THANK-YOU you for your words about St Andrew's Kildwick in Craven Diary (October 7).

We do indeed rejoice in the award of "major church" status which we share, not just with Bolton Priory but also with Holy Trinity Church in Skipton.

Major Church status is not of itself any real protection against closure. Just as was the case two years ago, the church is still only open infrequently and a possible threat of closure still hangs over the building.

One expectation of a major church is that it should be open to visitors on most days. This forms the bedrock of St Andrew's plans for survival – and the congregation is putting an enormous effort into making the church a welcoming and interesting place to visit.

A vigorous spring clean has been followed by work better to display our heritage that reaches back to Viking times.

Transforming a "Fort Knox" into an open and friendly place is not the work of a moment but it cannot be long now before the key finally turns in the lock.

It will only be by welcoming people over the threshold that the church can return to its significant place in the community that surrounds it.

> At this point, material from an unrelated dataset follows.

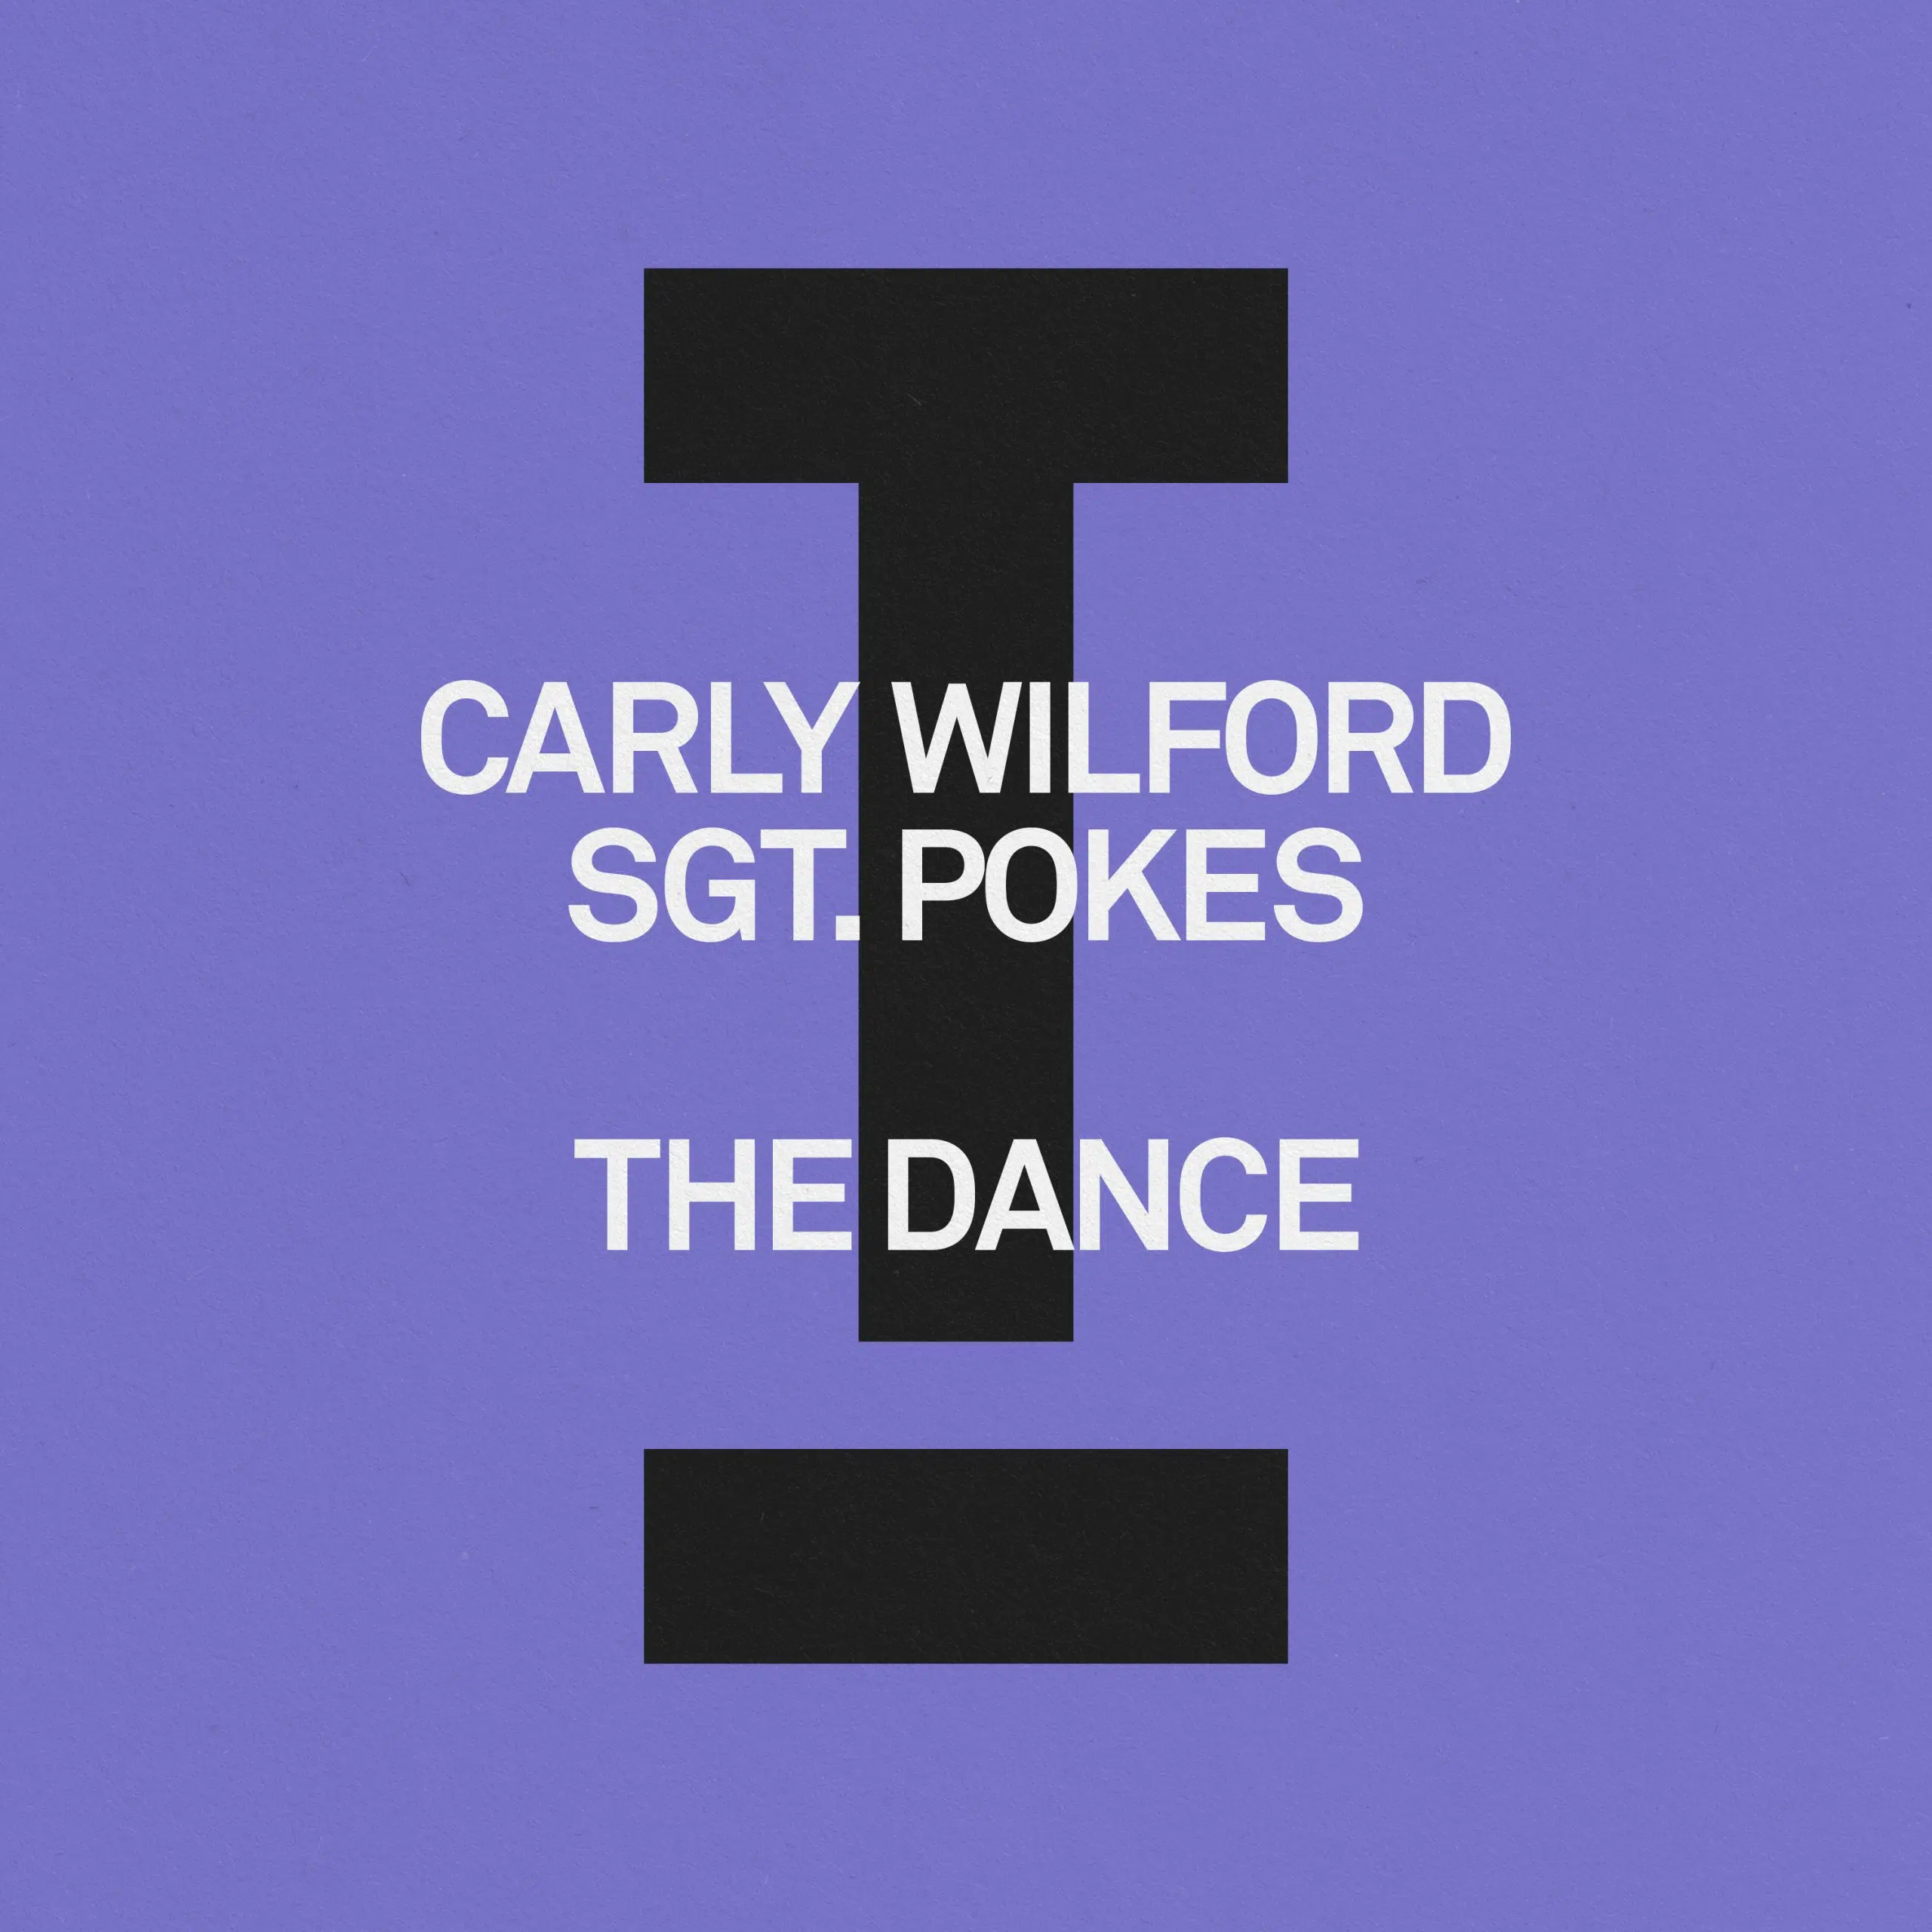 Carly Wilford, SGT. Pokes “The Dance”

It is a particular delight that this renaissance coincides with the much-anticipated rebirth of that other staple of village life; the local pub.

A tour round church this weekend revealed features that surprised and delighted even the oldest and most regular members of the congregation.

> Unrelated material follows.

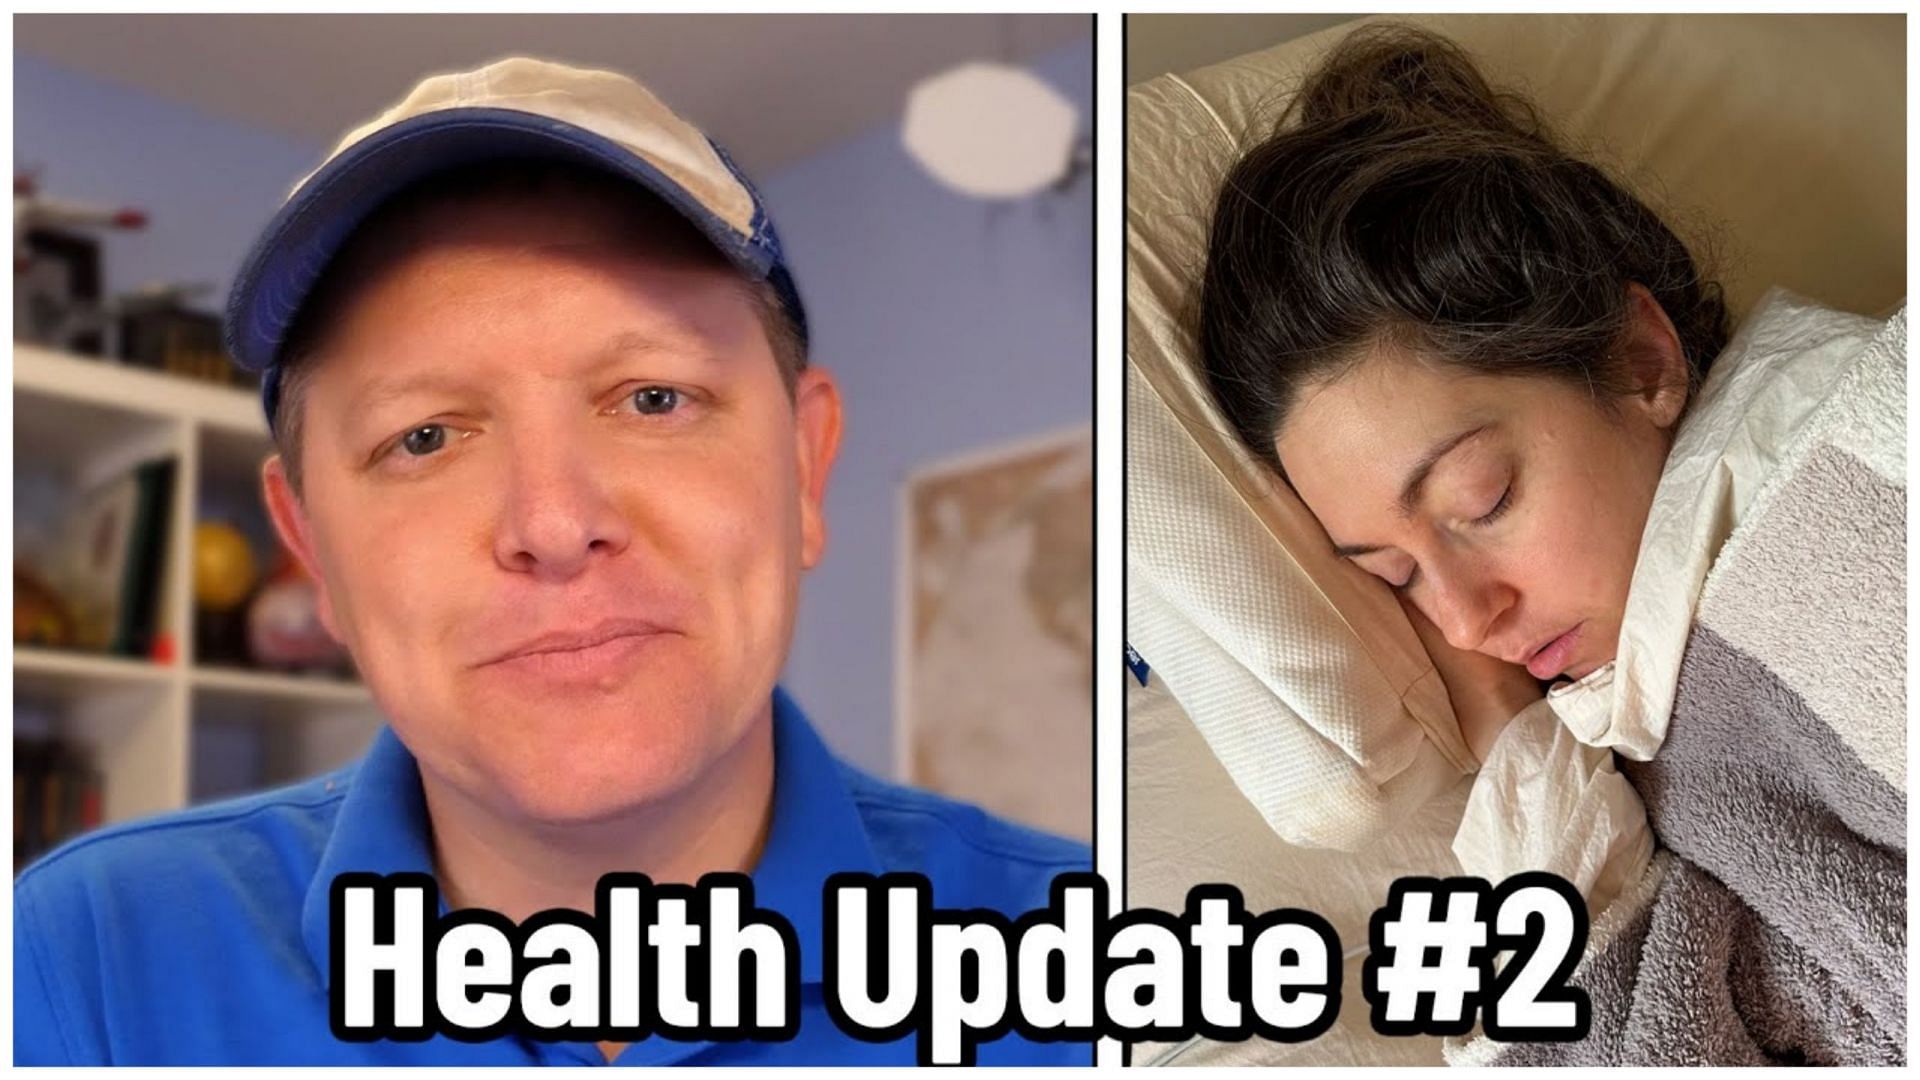 Physics Girl Health Update (Image via Youtube Channel)

Your reporter of 1946 reported the destruction of 1272. Researches for the new church history don’t find much evidence that the building was substantially damaged.

One theory is that the dedication to St Andrew saved it from excessive depredations.

What’s clear is that, following the 1314 battle of Bannockburn, in 1318/9 the Scots laid waste all down the Aire and Wharfe valleys - and Kildwick was stripped bare, causing its taxes to be reduced by two thirds.

The "Robert de Steventon" mentioned is labelled on his tomb by the Victorians as "Robert de Styveton" (Steeton).

However, the effigy is very probably not the Robert who died in 1307 - but it's another Robert, his grandson, who is thought to have died in 1353 – and who may well have been responsible for the building of the earliest parts of the church that we can see today.

Kildwick church, with its history of over 1,100 years, has a wealth of fascinating stories to tell and a small team is working hard to explain and interpret all that there is to see.

We'll make a big noise, once the doors are opened – so come and see!